Other aims, characteristics and advantages of the invention will emerge clearly to a person skilled in the art on reading the explicative description which makes reference to examples that are given for purely illustrative purposes and that should not in any way be considered as limiting the scope of the invention.

The examples form an integral part of the present invention and any characteristic that appears to be novel relative to any prior art from the description taken as a whole, including the examples, forms an integral part of the invention in its function and in its generality.

Thus, each example has a general scope.

Moreover, in the examples, all the percentages are given on a weight basis, unless otherwise indicated and the temperature is expressed in degrees Celsius unless otherwise indicated, and the pressure is atmospheric pressure, unless otherwise indicated.

EXAMPLES

Example 1

Culturing of Normal Human Corneal Epithelial Cells and Keratocytes (FIG. 3)

The human corneas are collected according to the rules of ethics and cannot be used therapeutically due to an excessively low endothelial density. The corneas are stored as an organoculture at 31° C. until the time of extraction of the epithelial cells and keratocytes.

Extraction and Culturing of Human Corneal Epithelial Cells

The corneas are incubated in the presence of trypsin/EDTA (0.05%/0.01%) for 80 minutes at 37° C. in order to recover the epithelial compartment from the biopsy. The epithelium is then dissociated in the presence of trypsin/EDTA (0.05%/0.01%) and the epithelial cells obtained are seeded, preferentially at a density of 1.5×10⁴ cells/cm², on a culture support such as a nourishing layer of irradiated fibroblasts and in a culture medium advantageously composed of DMEM/HAM F12 (2/1), 10% foetal calf serum (FCS), insulin (5 μg/ml), adenine (0.18 mM), hydrocortisone (0.4 μg/ml), cholera toxin (0.1 nM), triiodothyronine (2 nM), glutamine (4 mM), penicillin G (100 IU/ml), gentamicin (20 μg/ml) and amphotericin B (1 μg/ml). EGF (10 ng/ml) is preferentially added after 3 days of culturing. The culturing is performed at 37° C. and 5% CO₂ under a humid atmosphere.

The epithelial cells cultured in vitro (FIG. 3a) may be frozen and/or reseeded in culture, for example on a nourishing layer of irradiated fibroblasts and/or used for the in vitro production of reconstructed human hemi-corneas/corneas.

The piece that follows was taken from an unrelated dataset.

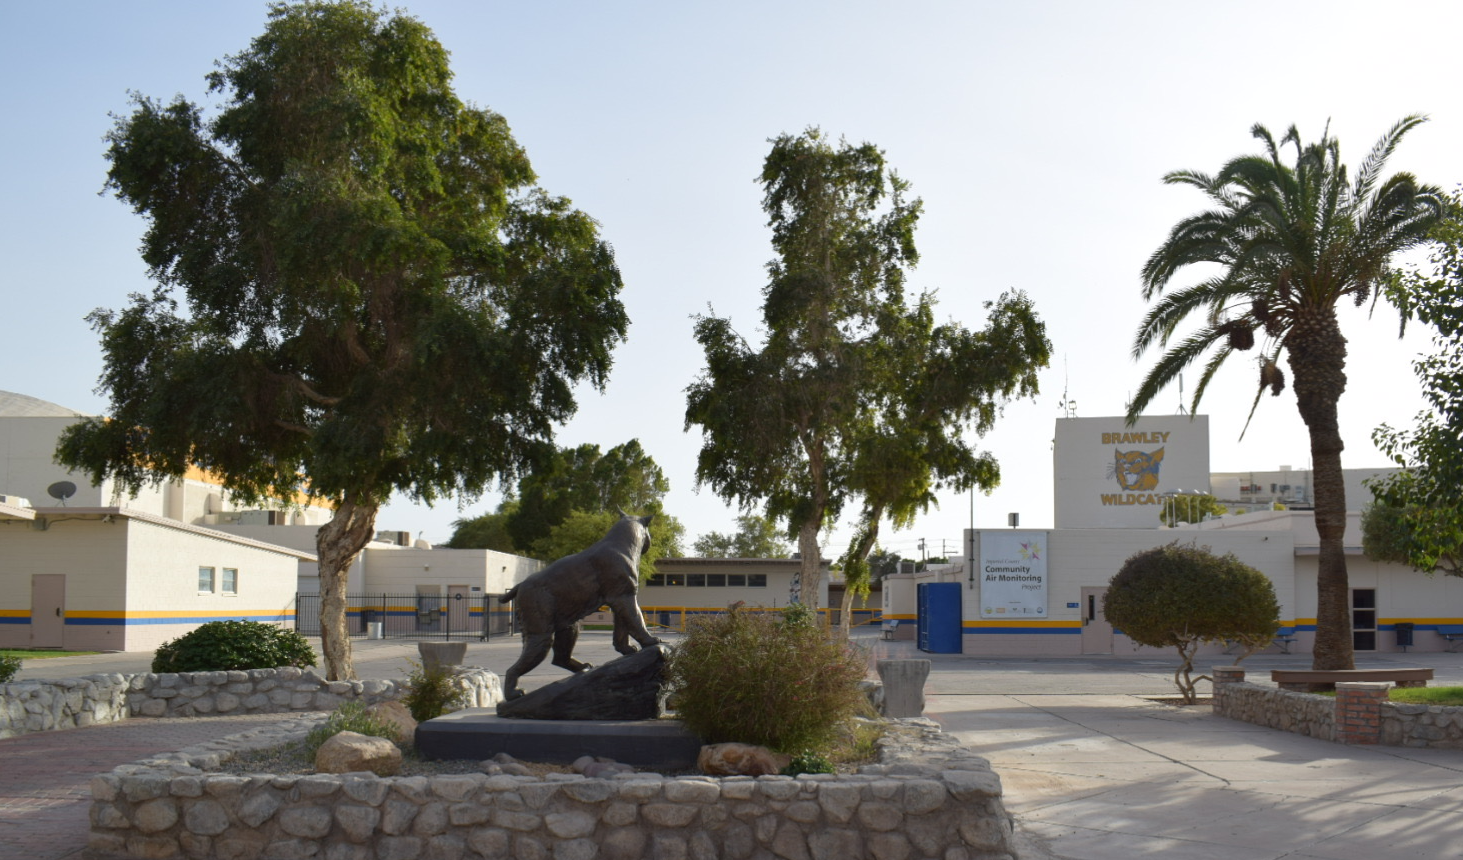 MIddle of BUHS campus, buildings and wildcat statue

Extraction and Culturing of Human Corneal Keratocytes

The corneas are incubated in the presence of trypsin/EDTA (0.05%/0.01%) for 80 minutes at 37° C. in order to recover the stromal compartment from the biopsy. The stroma is then incubated for 3 hours at 31° C. and with stirring in the presence of collegenase A (3 mg/ml). The cell extract obtained is then purified, for example on a 70 μm screen, and then cultured, preferentially at a density of 1.0×10⁴ cells/cm², in a culture medium advantageously composed of DMEM/HAM F12, 10% neonatal calf serum, b-FGF (5 ng/ml), penicillin G (100 IU/ml), gentamicin (20 μg/ml) and amphotericin B (1 μg/ml).

The keratocytes cultured in vitro (FIG. 3b) may be frozen and/or reseeded in culture and/or used for the in vitro production of reconstructed human corneal stroma and hemi-corneas/corneas.

Example 2

Study of the Porosity of the Biomaterial According to the Invention Based on Collagen, Glycosaminoglycan and Chitosan for the In Vitro Production of Reconstructed Human Corneal Stroma and Hemi-Corneas/Corneas (FIG. 4)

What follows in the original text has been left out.